Exercise: Take the line containing "Beauty and More" and every line after it to the end of the material below; reproduce them exactly, without pictures.

Recorded data:
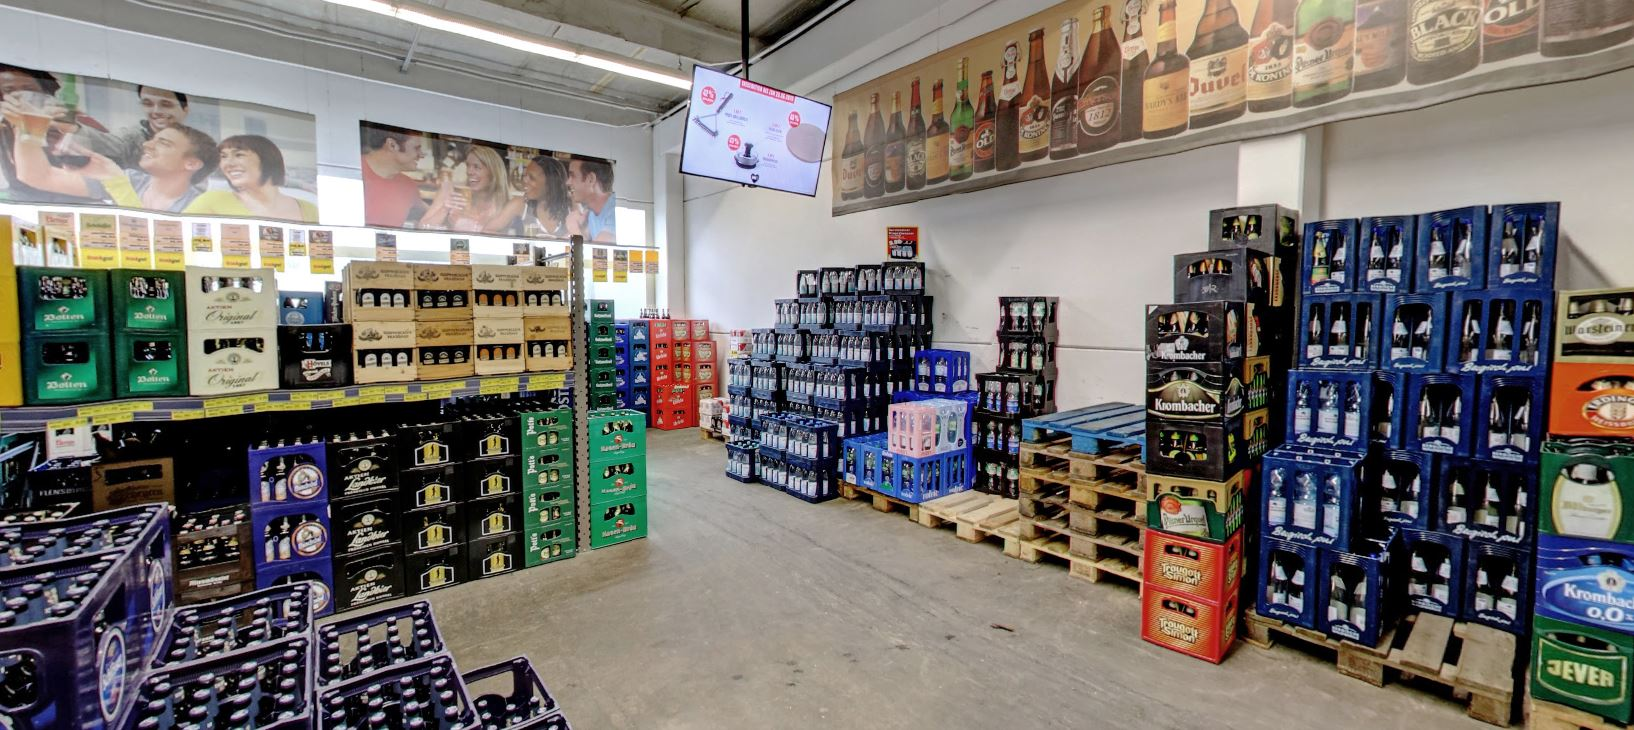 Foto des trinkgut Marktes Filiale Erkrath Hochdahl
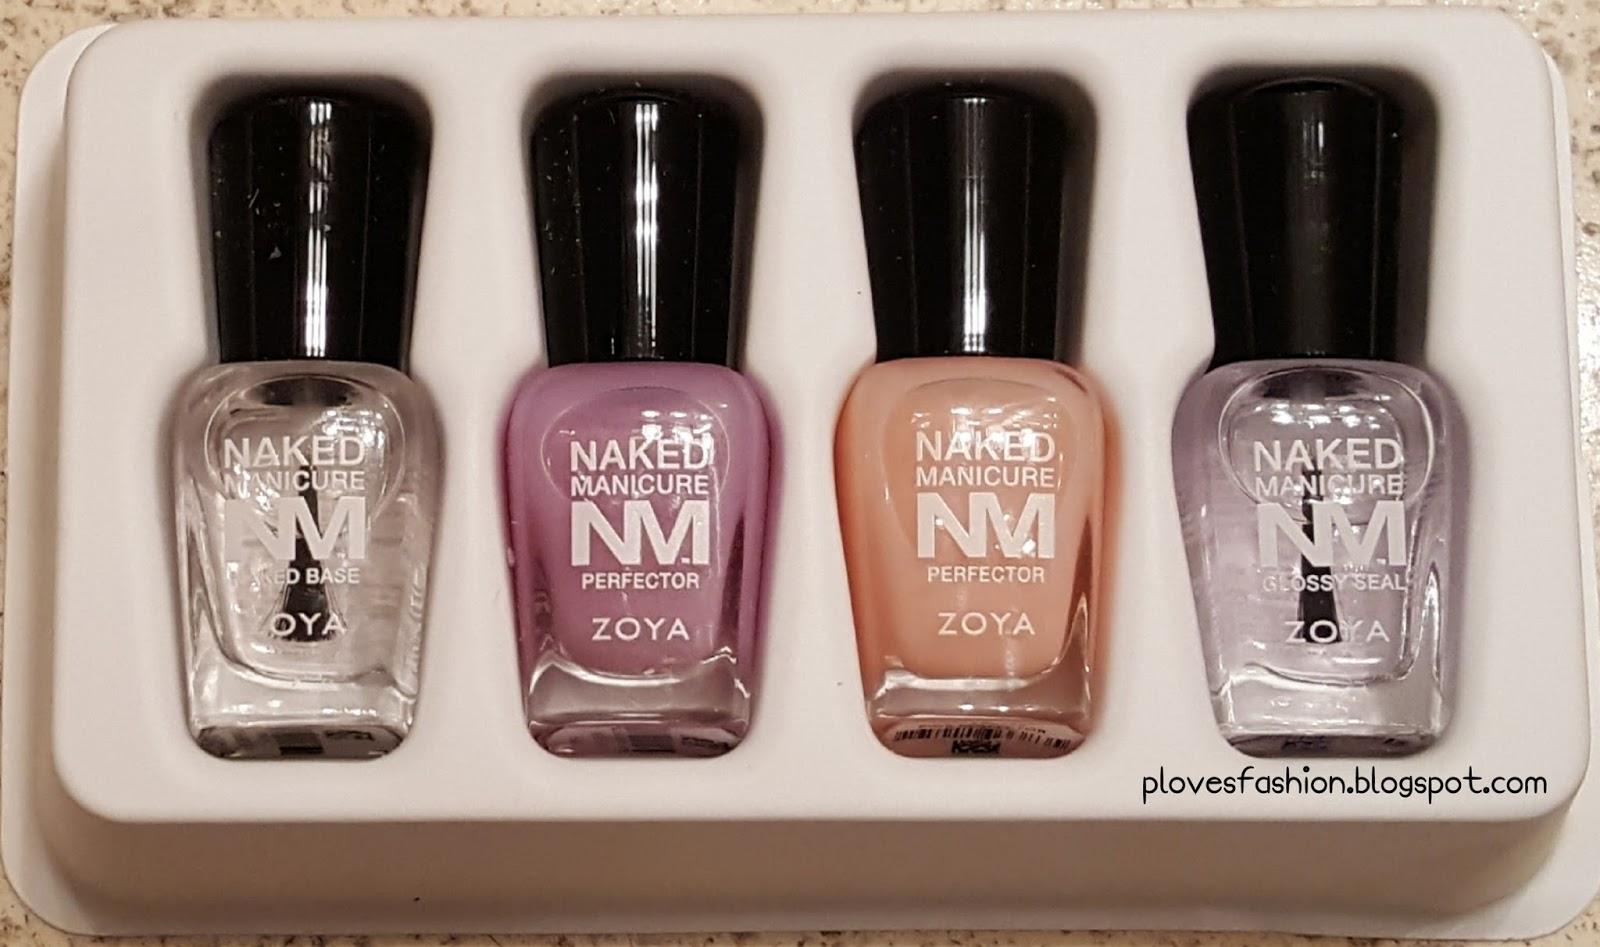 Beauty and More by Pilar : Zoya Naked Manicure
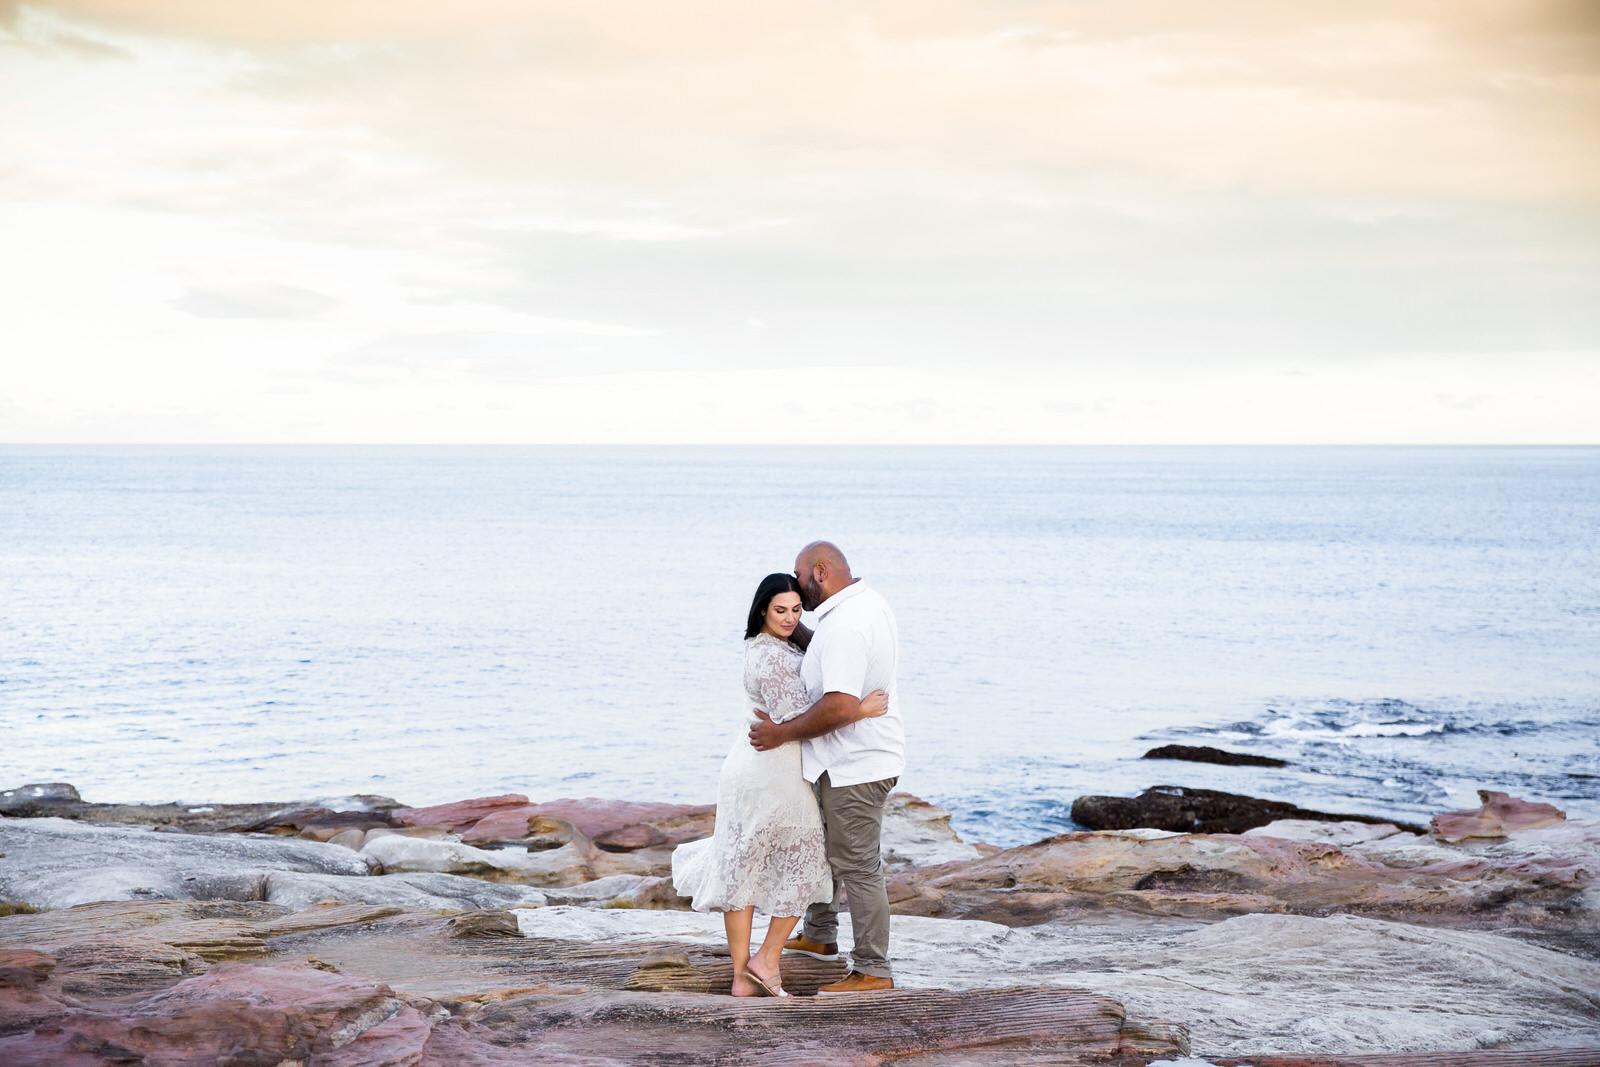 Sydney Wedding Photographer - Maroubra Beach - Jennifer Lam Photography (22).jpg
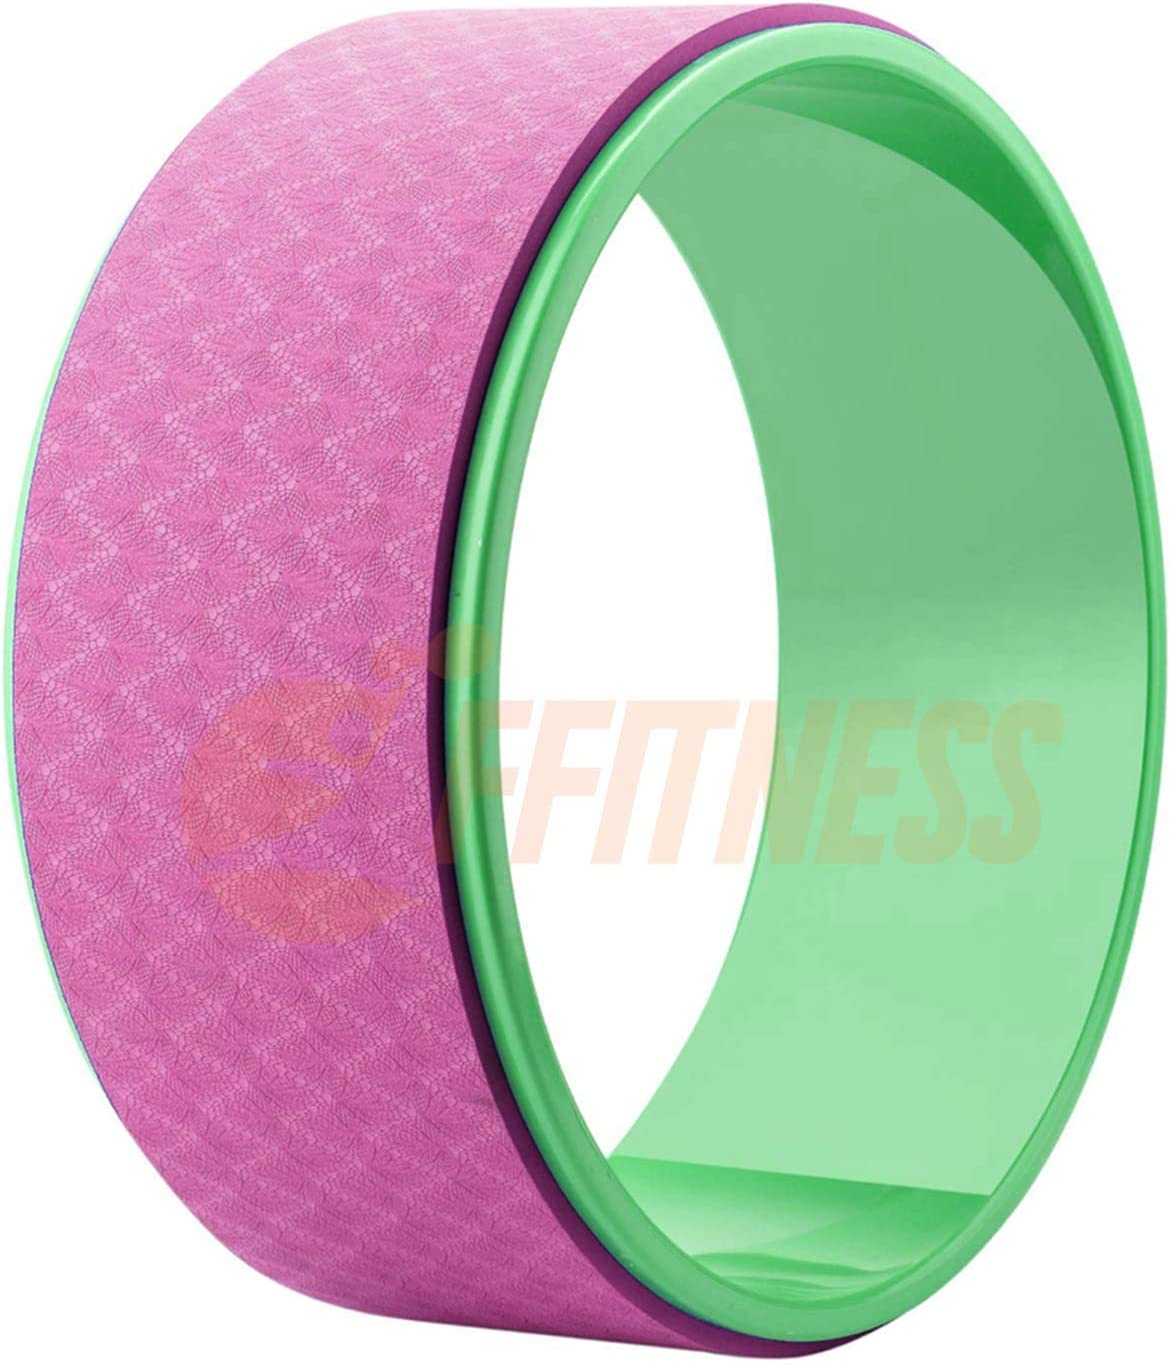 Gimnasia Gimnasio Body Dharma Yoga Wheel Fitness Superficie Antideslizante Anillo para Entrenamiento de Pilates

Solved problem:
 Beauty and More by Pilar : Zoya Naked Manicure
 Sydney Wedding Photographer - Maroubra Beach - Jennifer Lam Photography (22).jpg
 Gimnasia Gimnasio Body Dharma Yoga Wheel Fitness Superficie Antideslizante Anillo para Entrenamiento de Pilates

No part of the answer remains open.